Heather Thompson, with shovel, tries to dig out, along with the help of her niece, Annie Kitch, in Stratford, Conn., Sunday, Dec. 7, 2003. A foot of snow was reported to have fallen in the region over the past two days. Kitch, who is visiting from Phoenix, said this was the first time she has seen falling snow with her own eyes. AP

With school canceled and the skies sunny, children around the Northeast frolicked in the snow Monday as the grown-ups labored to dig out their entombed cars, clear sidewalks and slog their way to work.

Arcadio Francisco, 32, said he was unable to get to his job as an electrician because the street where he parked his car was still under 2 feet of snow. But kids were enjoying the pileup.

"They're standing on top of the cars and jumping into the snow," Francisco said.

The storm that blustered up the Eastern Seaboard over the weekend was moving out into the Atlantic on Monday. Rain and higher temperatures forecast for later this week are expected to the speed the melting, and officials warned of flooding and roof collapses.

On Monday, two groups of missing campers were found safe in Maine's western mountains, parts of which had more than 2½ feet inches of snow. A group of 10 high school students and two adults were spotted from the air by a pilot, and three college students were found holed up in their car.

The deepest snow, 47 inches, was recorded in Pinkham Notch at Mount Washington in New Hampshire. Some other parts of New England were blanketed by nearly 3 feet, while eastern New York had up to 2 feet and Cliffside Park, N.J., had almost as much, 23 inches.

Hundreds of schools remained closed Monday.

The cleanup proved arduous — and costly.

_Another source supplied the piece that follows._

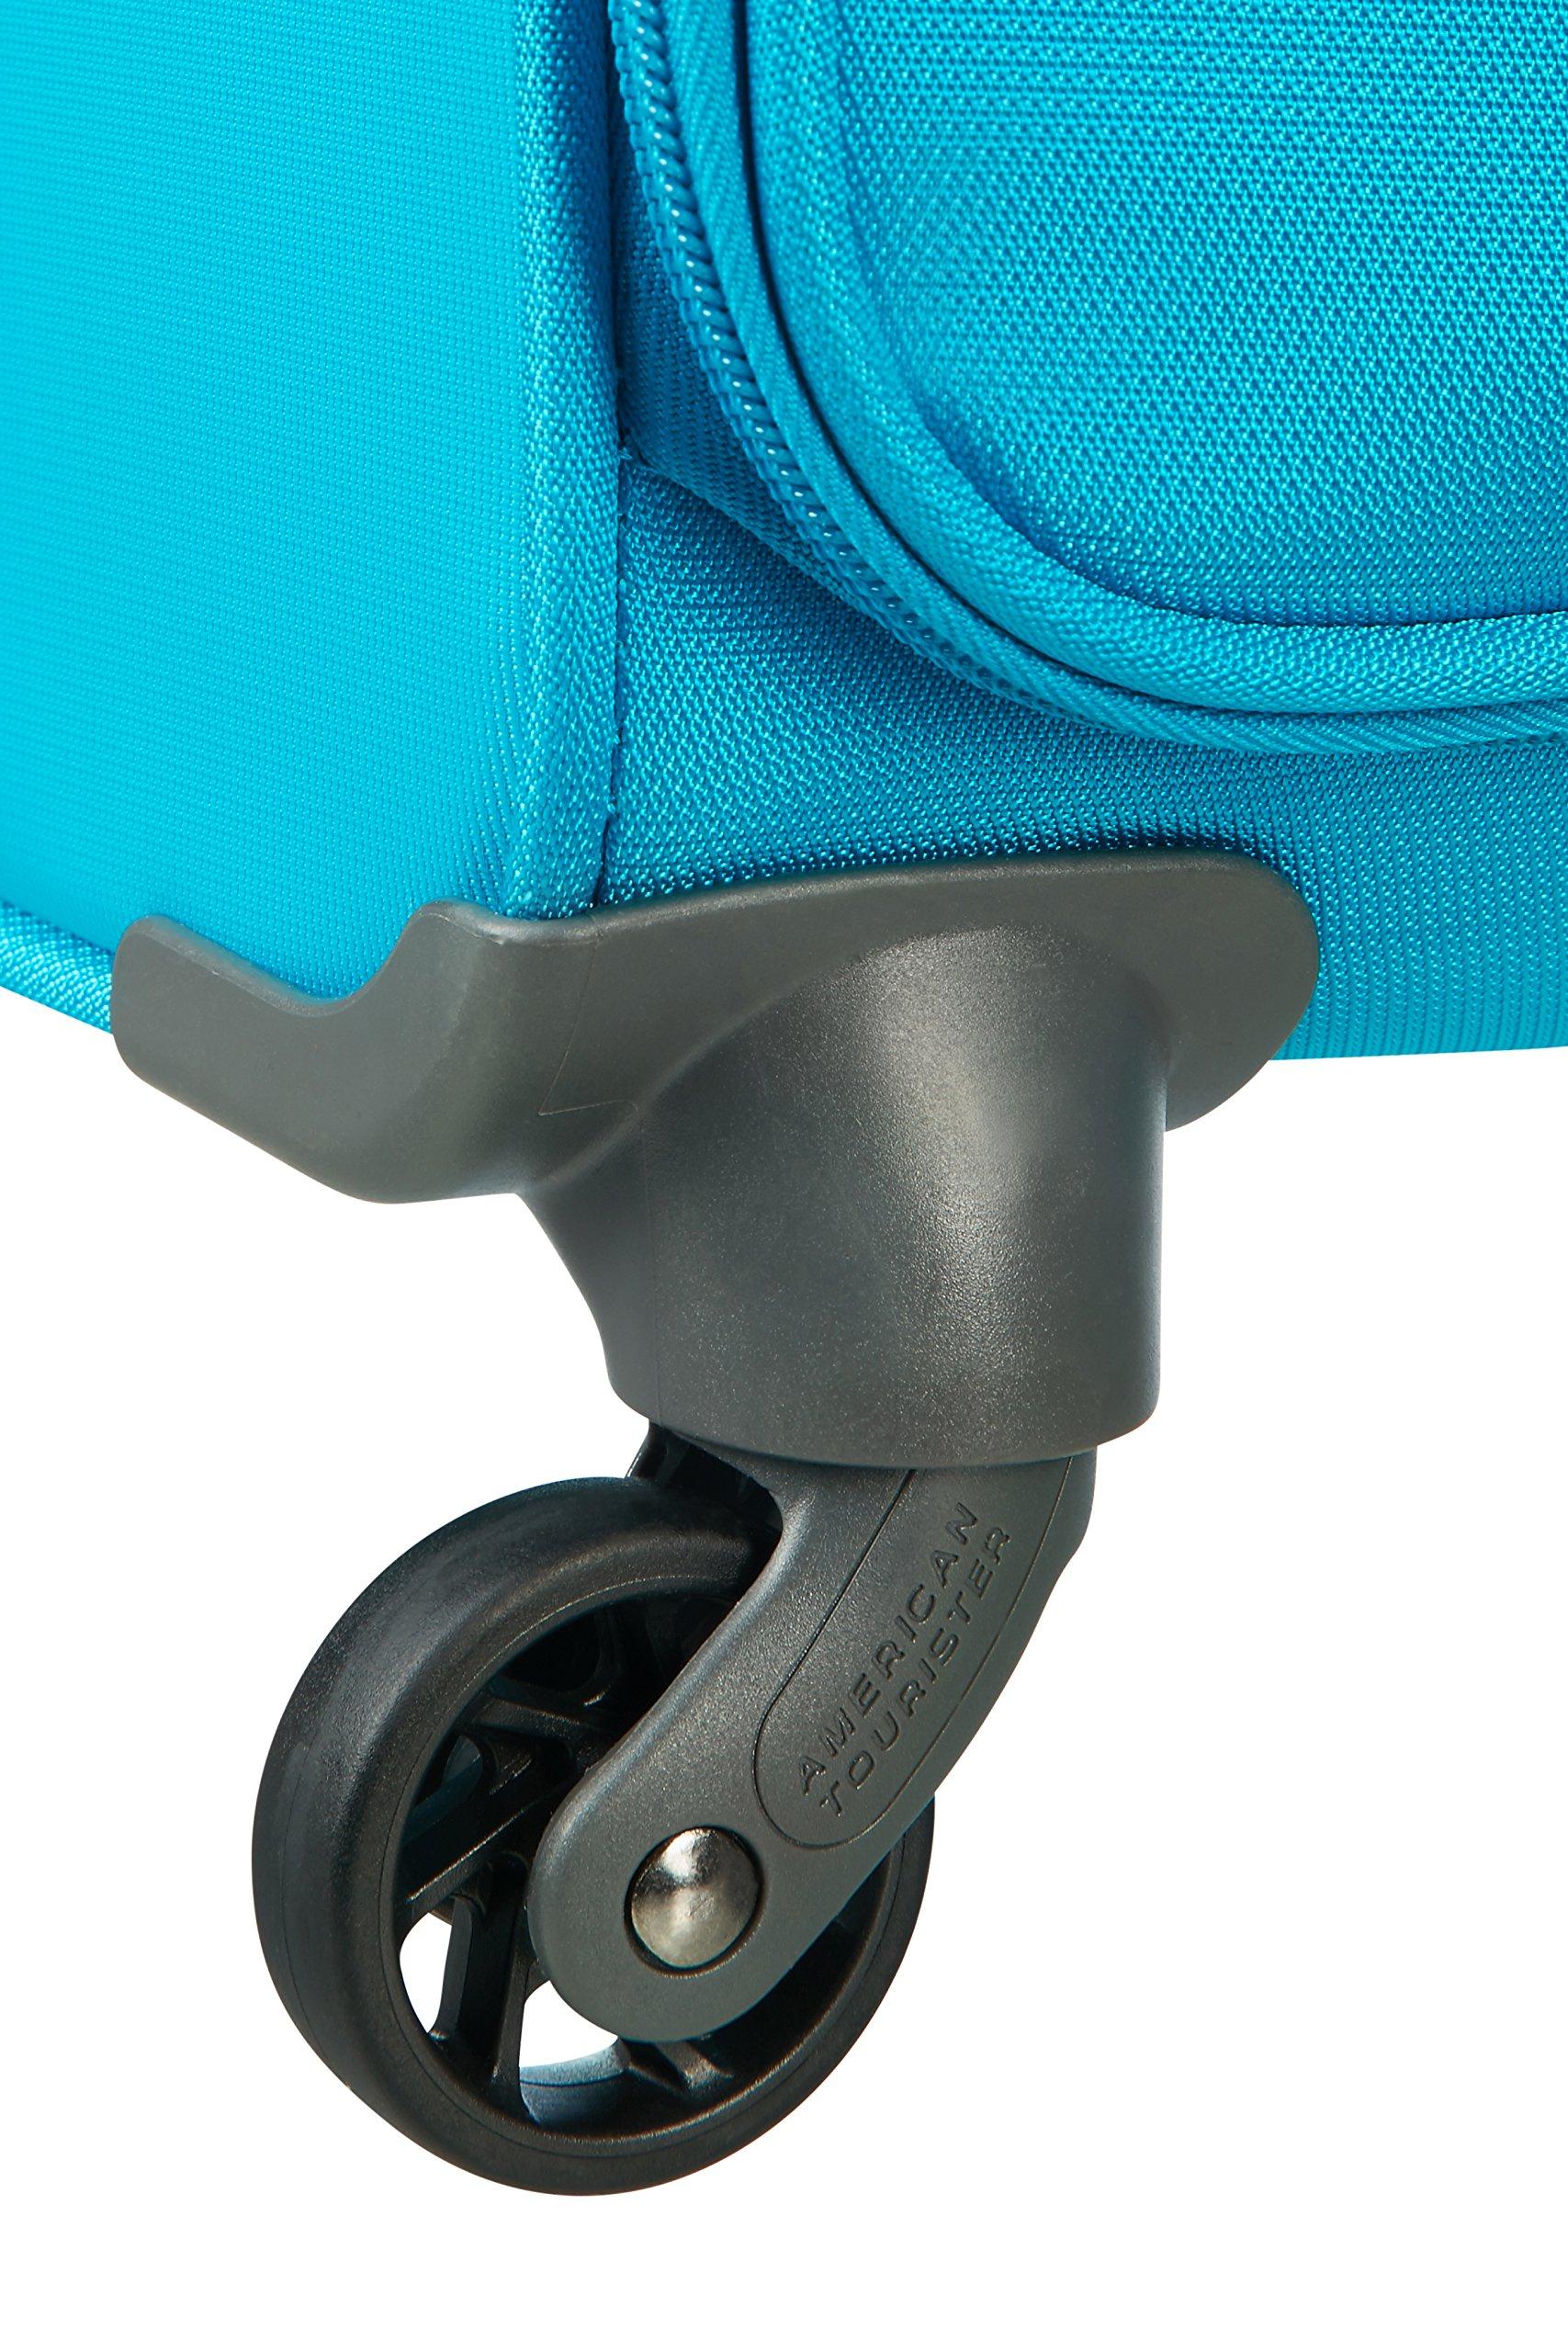 911dx KgqFL - American Tourister Herolite Maleta, Azul (MIDNIGHT BLUE), S EXP (55cm-42L)

In Connecticut, where up to 20 inches of snow fell, the cleanup cost about $3.5 million to pay for plowing, salt and sand.

Boston Mayor Thomas Menino estimated removal costs in the city at $3 million, while New York City Mayor Michael Bloomberg said snow removal costs his city about $1 million per inch. The snowfall total reached 14 inches in Central Park.

Even as skies cleared and snowplows did their work, delays continued for some travelers by air and rail.

Lines remained long at Boston's Logan Airport, where some arrivals were delayed more than two hours. Amtrak also warned that trains would be delayed and crowded Monday throughout the Boston-Washington corridor.

During the weekend, hundreds of flights had to be canceled at Logan, Philadelphia, Kennedy, La Guardia and Newark airports.

The storm was blamed for at least 13 deaths in the Northeast, most of them in traffic accidents. New Jersey and Massachusetts each reported one person dead after collapsing while shoveling snow. A Massachusetts railway worker was killed when a train collided with his snow blower, and a Rhode Island man died in a sledding accident.